Remark 2. One may ask if our problem is \(\APX\)-complete, and the answer is “no”. To see why, note that one can see that a generalisation of our \(\L\)-reduction works for the minimum vertex cover for hypergraphs. Morever, with a suitable choice of \(\lambda\) which depends only on the input, a \(C\)-approximation algorithm for our problem then gives a \(11C\)-approximation for minimum vertex cover in hypergraphs.

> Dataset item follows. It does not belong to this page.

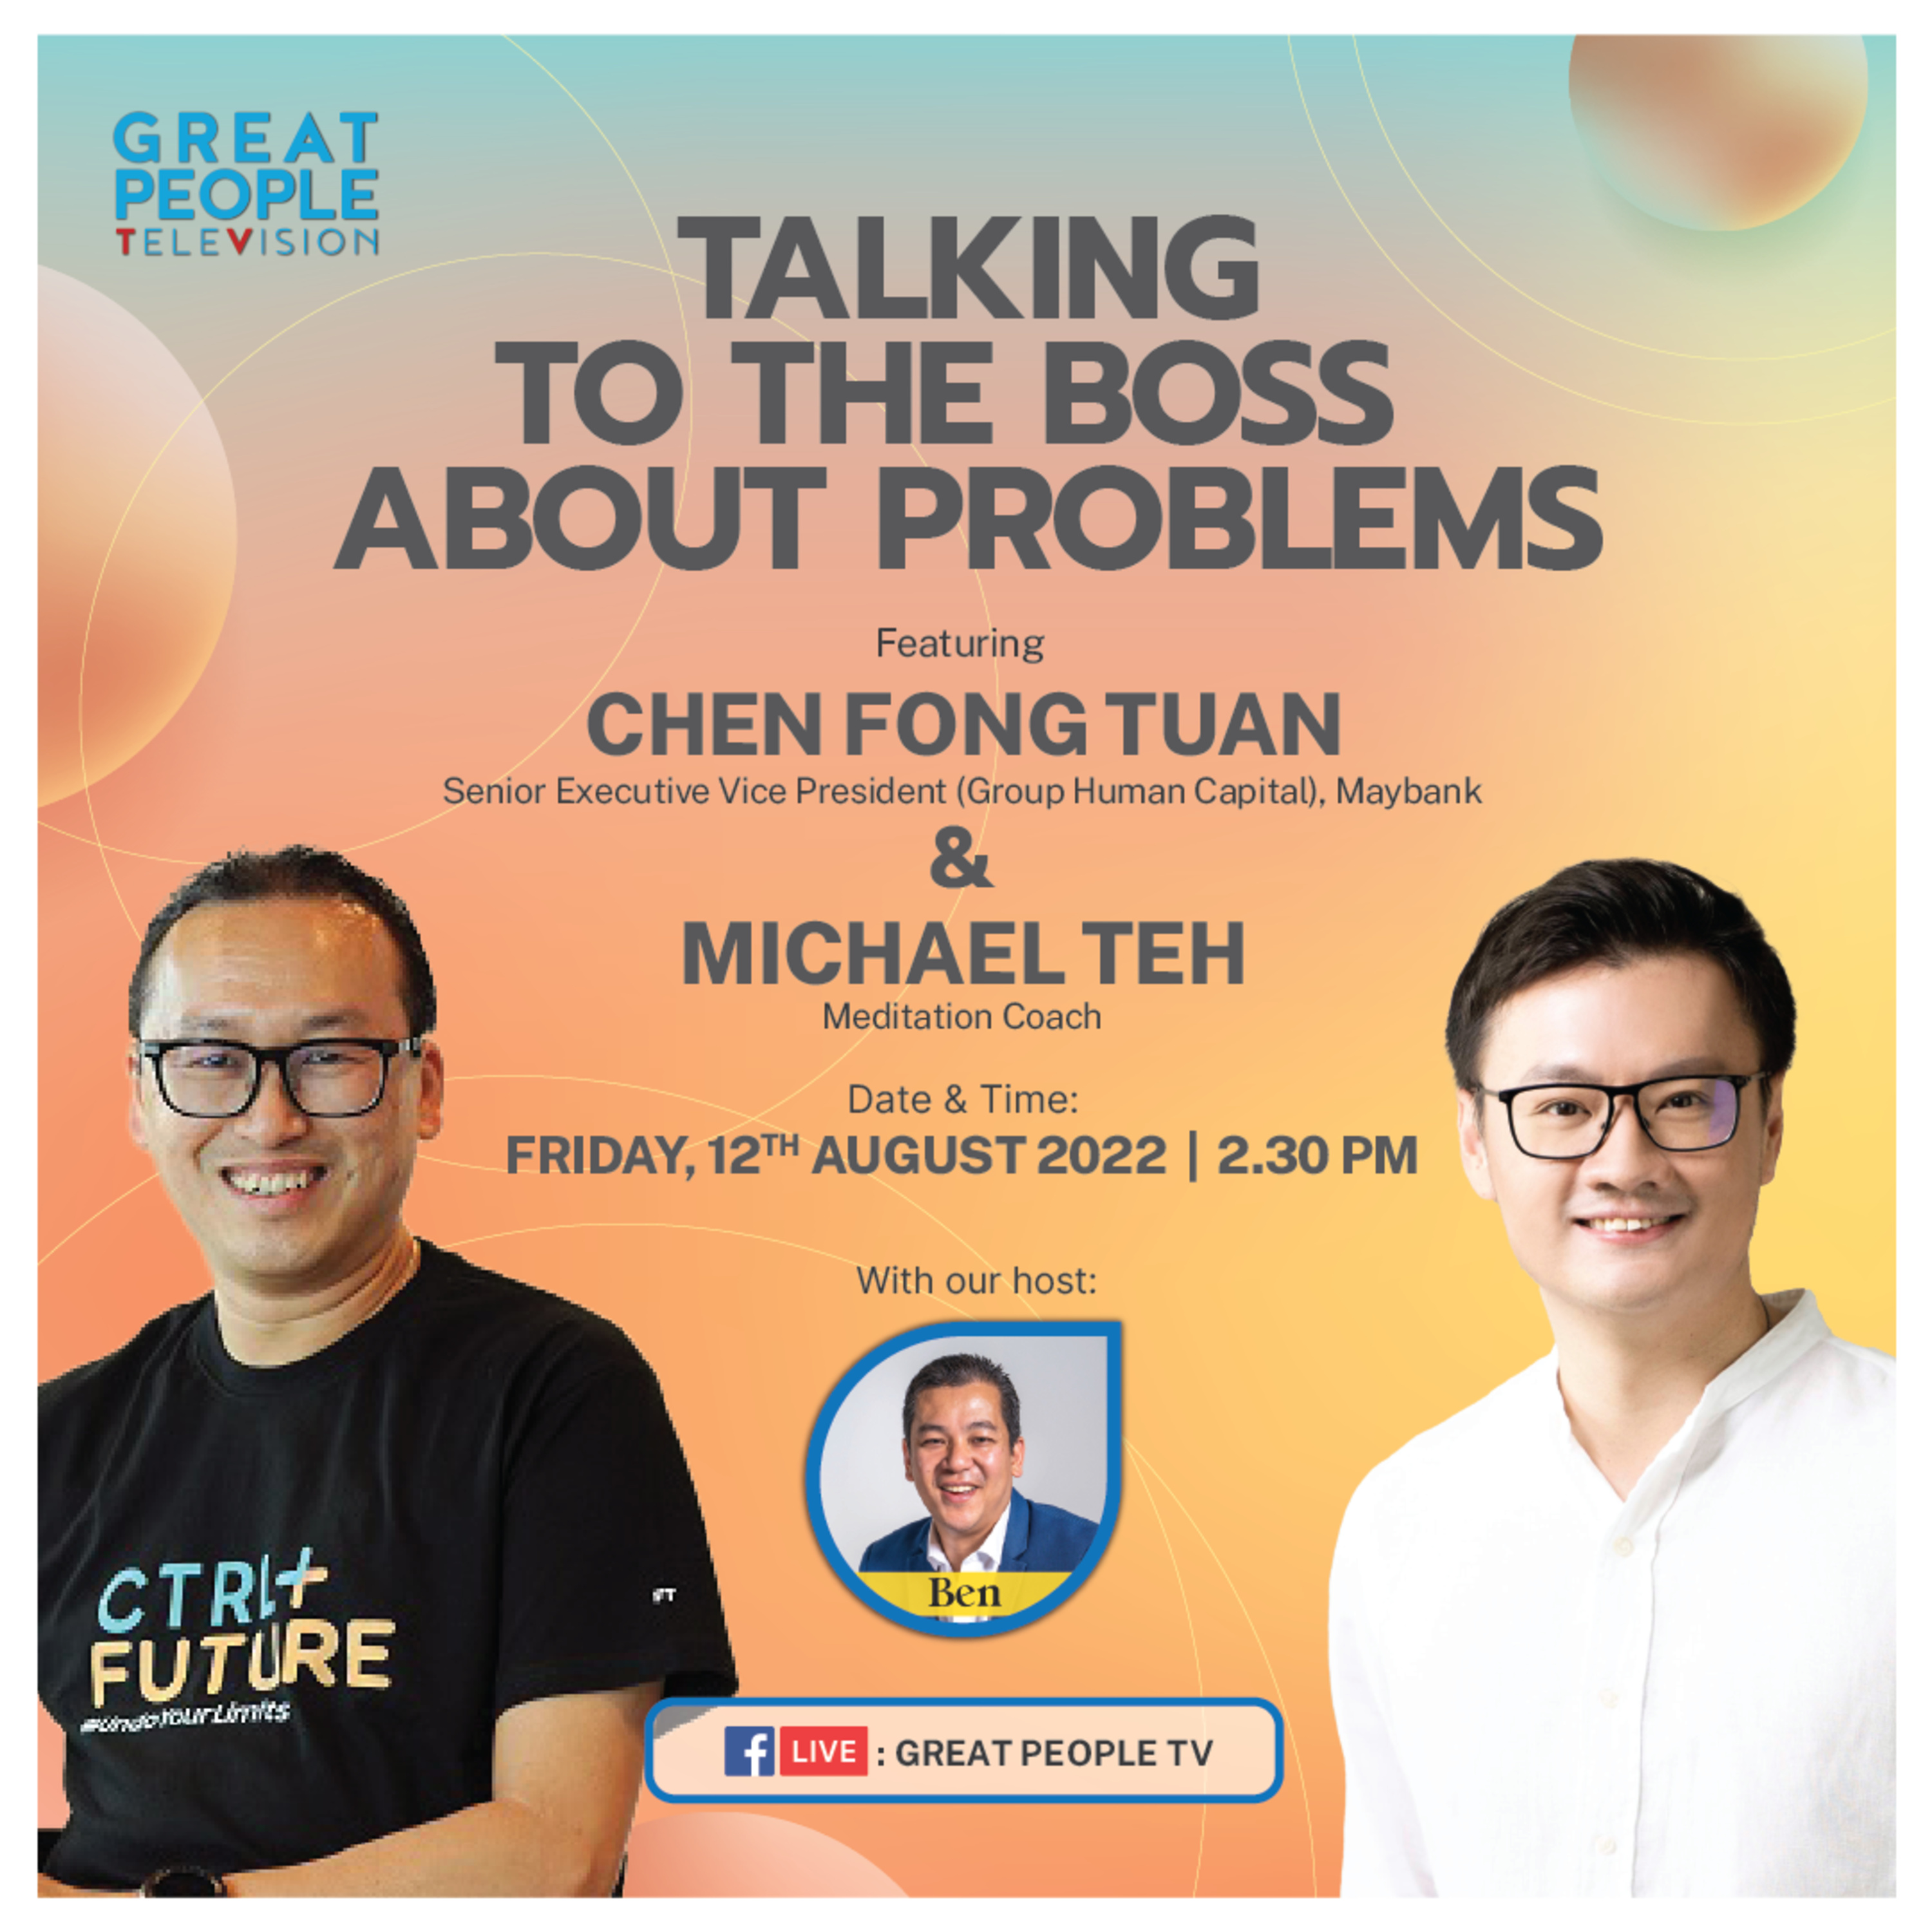 Talking To The Boss About Problems - Chen Fong Tuan & Michael Teh
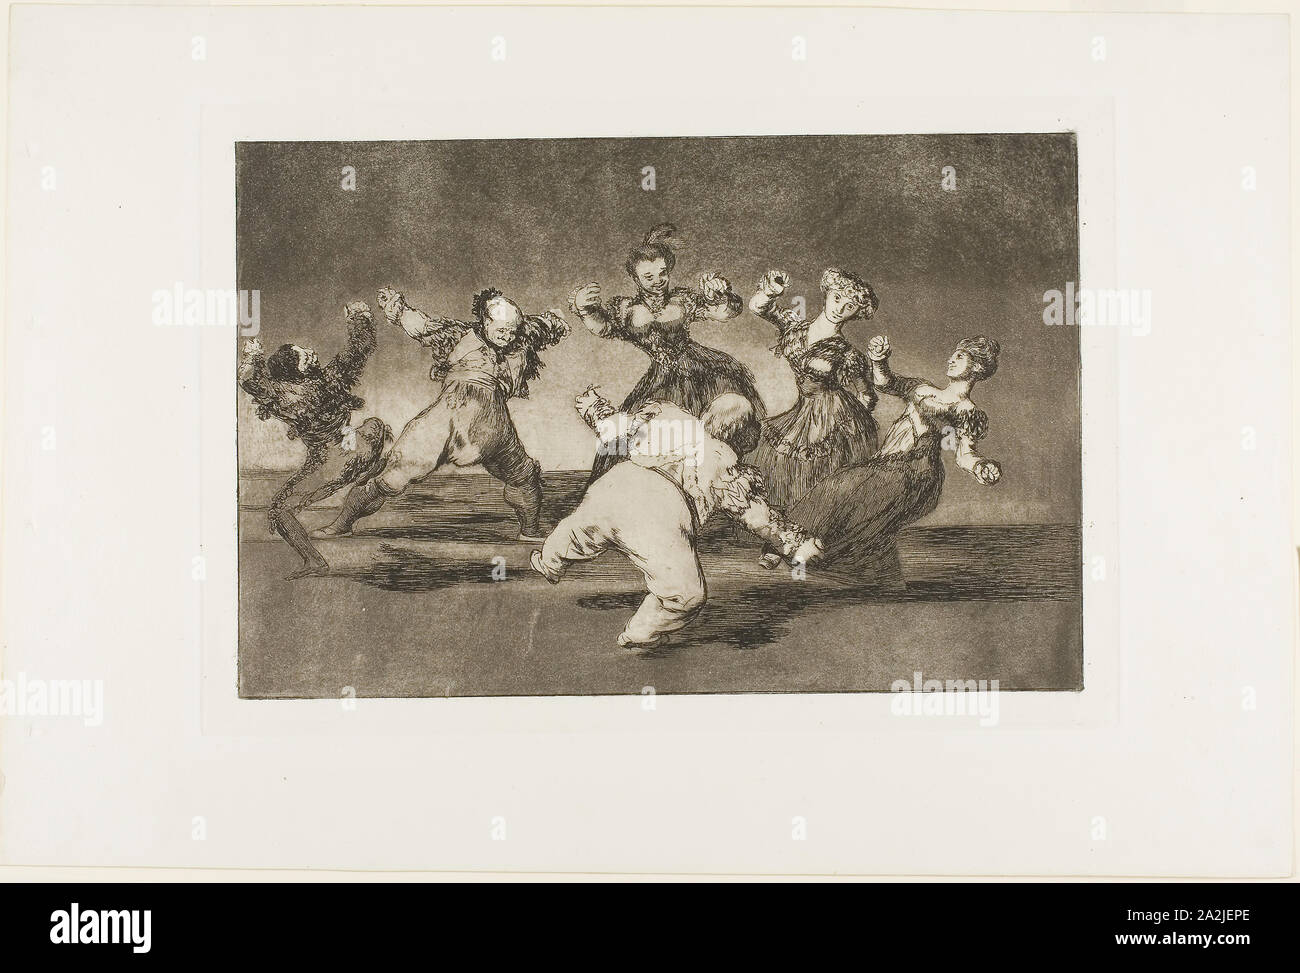 Merry Folly, from Disparates, published as plate 12 in Los Proverbios, 1816–19, published 1864, Francisco José de Goya y Lucientes, Spanish, 1746-1828, Spain, Etching, burnished aquatint, and drypoint in brown-black on ivory wove paper, 214 x 324 mm (image), 244 x 353 mm (plate), 331 x 497 mm (sheet Stock Photo

But that is unlikely, as this problem is not in \(\APX\) (whilst being \(\APX\)-hard). In particular, for \(k\)-regular hypergraphs, Dinur et al. (Dinur et al., 2003) showed that it is impossible to approximate minimum vertex cover within \(k-1-\varepsilon\) for any \(k \geq 3\) and \(\varepsilon > 0\).